4 Secrets From The Guys Giving You Tattoos
More than 20 percent of adults in the U.S. have a tattoo, and that percentage is nearly double when we're talking about the under-30 set. But despite the fact that it's a permanent decision and basically a form of minor surgery, people seem not to put a whole lot of thought into it. To get a peek behind the scenes, we talked to Sam, a tattoo artist who told us ...
There Are Many Types Of Tattoos They Simply Won't Do
"I had one dude who wanted a dog's ass tattooed around his belly button," Sam says. "And yeah, I wouldn't do that to someone. Another kid, he was 19, he wanted it tattooed on his lips, the Joker thing, like the Joker smile.

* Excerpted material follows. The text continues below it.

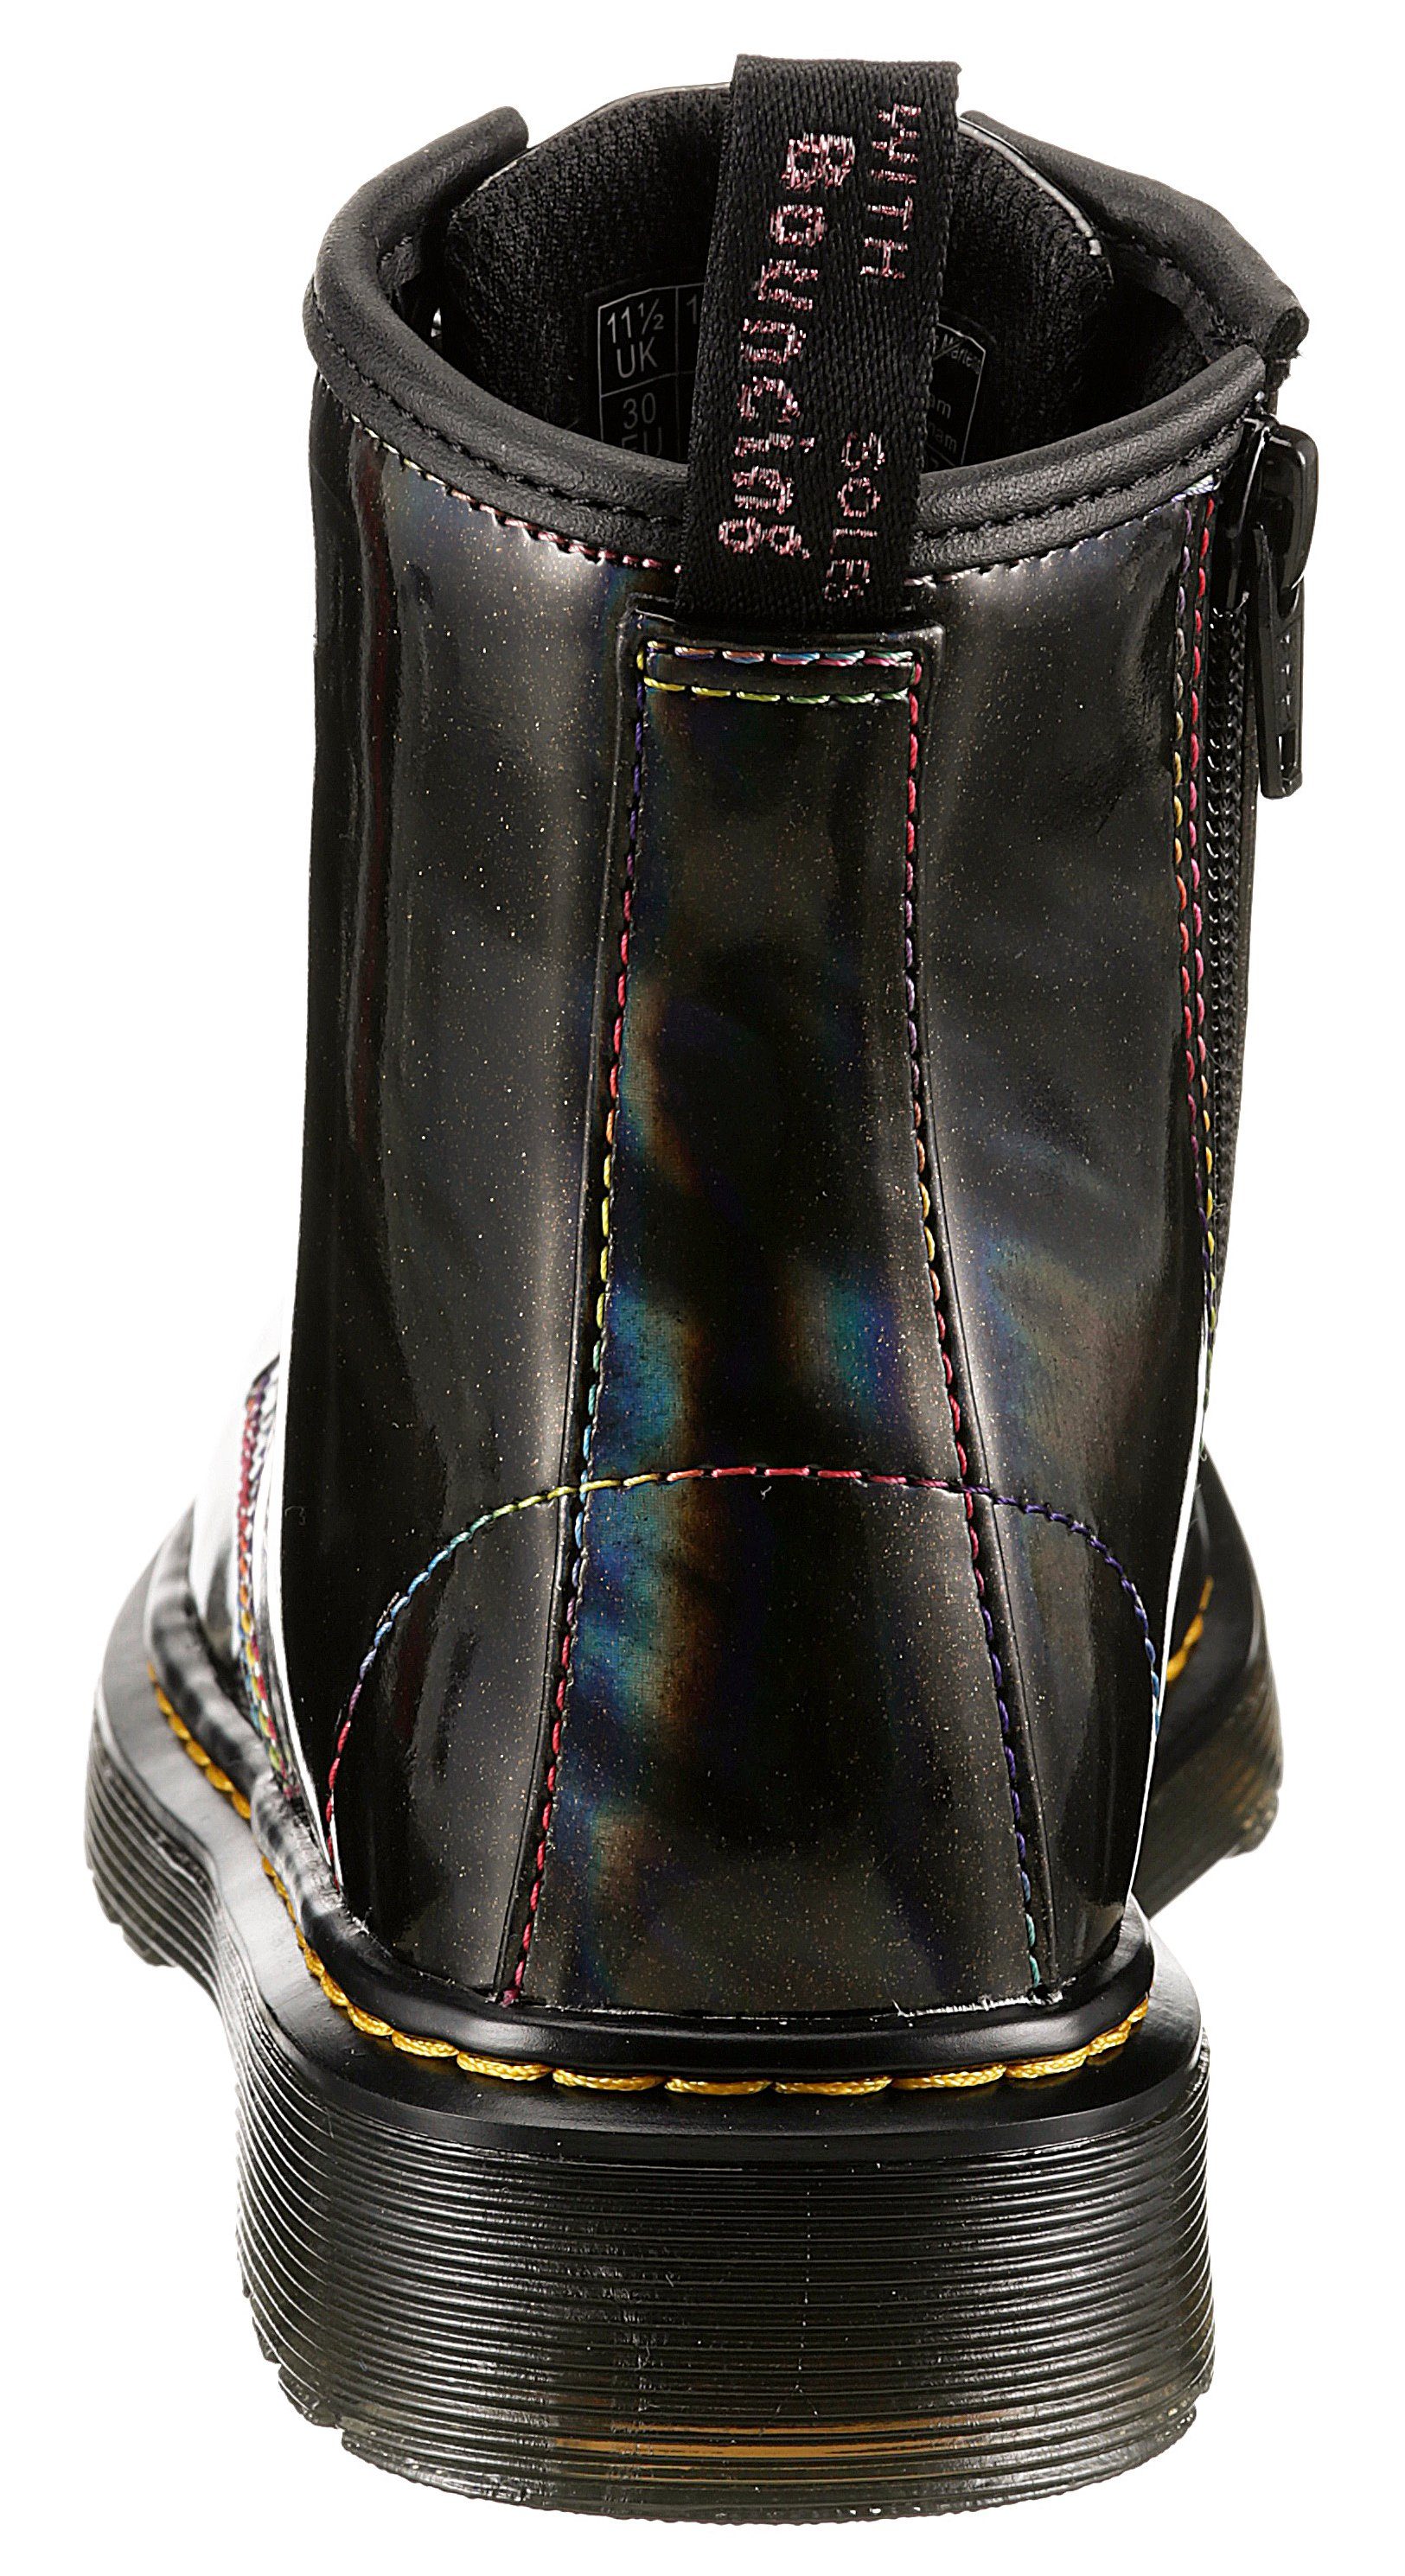 DR. MARTENS mit Schnürstiefel 8 1460 schwarz-regenbogenfarben-irisierend Eye J LIGHTSHOW Boot Schimmer

I refused to do that, because the kid is 19." You can scream all you want about your freedom, but they don't need to have your decisions hanging over their heads, especially if they're impressively dumb decisions.

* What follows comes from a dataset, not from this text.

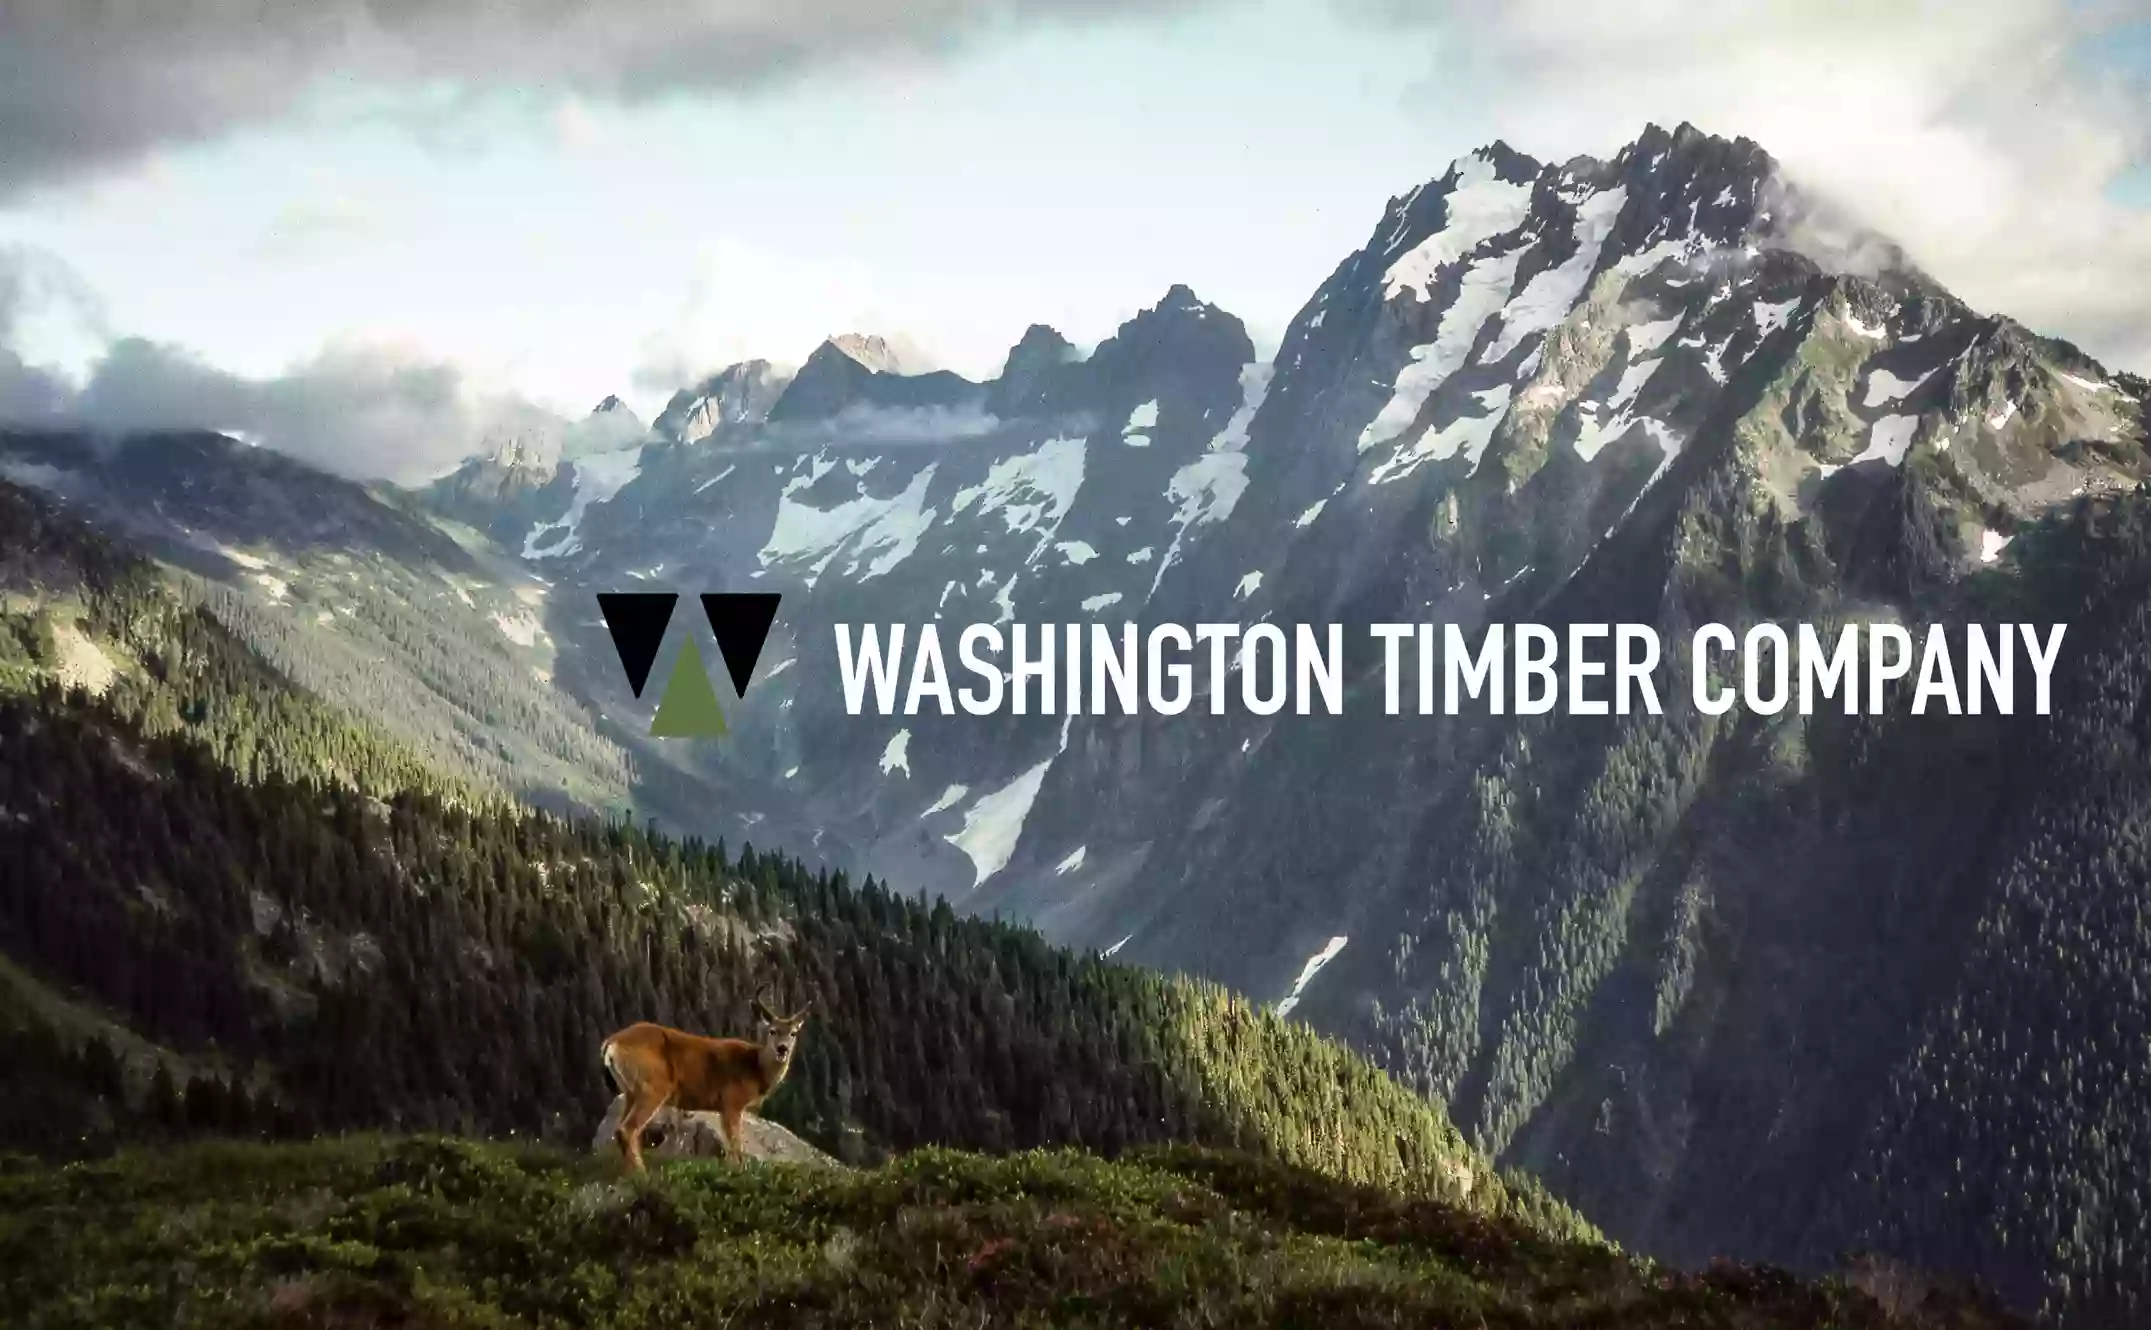 Washington Timber Company

"This fad will last forever!"
"A lot of artists, they won't do arms, face, or neck tattoos if it's the first tattoo," says Sam. That is, after all, a major life decision -- sticking a tattoo of a swastika made of dicks on your forehead is going to permanently change the trajectory of your life.

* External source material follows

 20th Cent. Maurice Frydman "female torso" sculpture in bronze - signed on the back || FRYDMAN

They also get requests that are probably illegal, and, if not, it's just because no one could have possibly anticipated that it needed to be. "We had one dude who would call about once a month trying to convince us to tattoo his cat," Sam says. "It's apparently a trend in Russia or something. But literally once a month he'd call up and try to get us to come to his house, knowing that we wouldn't allow a cat in the shop, and tattoo his cat. Of course no one did it, but it seriously would not surprise me if he still calls in trying to get it done."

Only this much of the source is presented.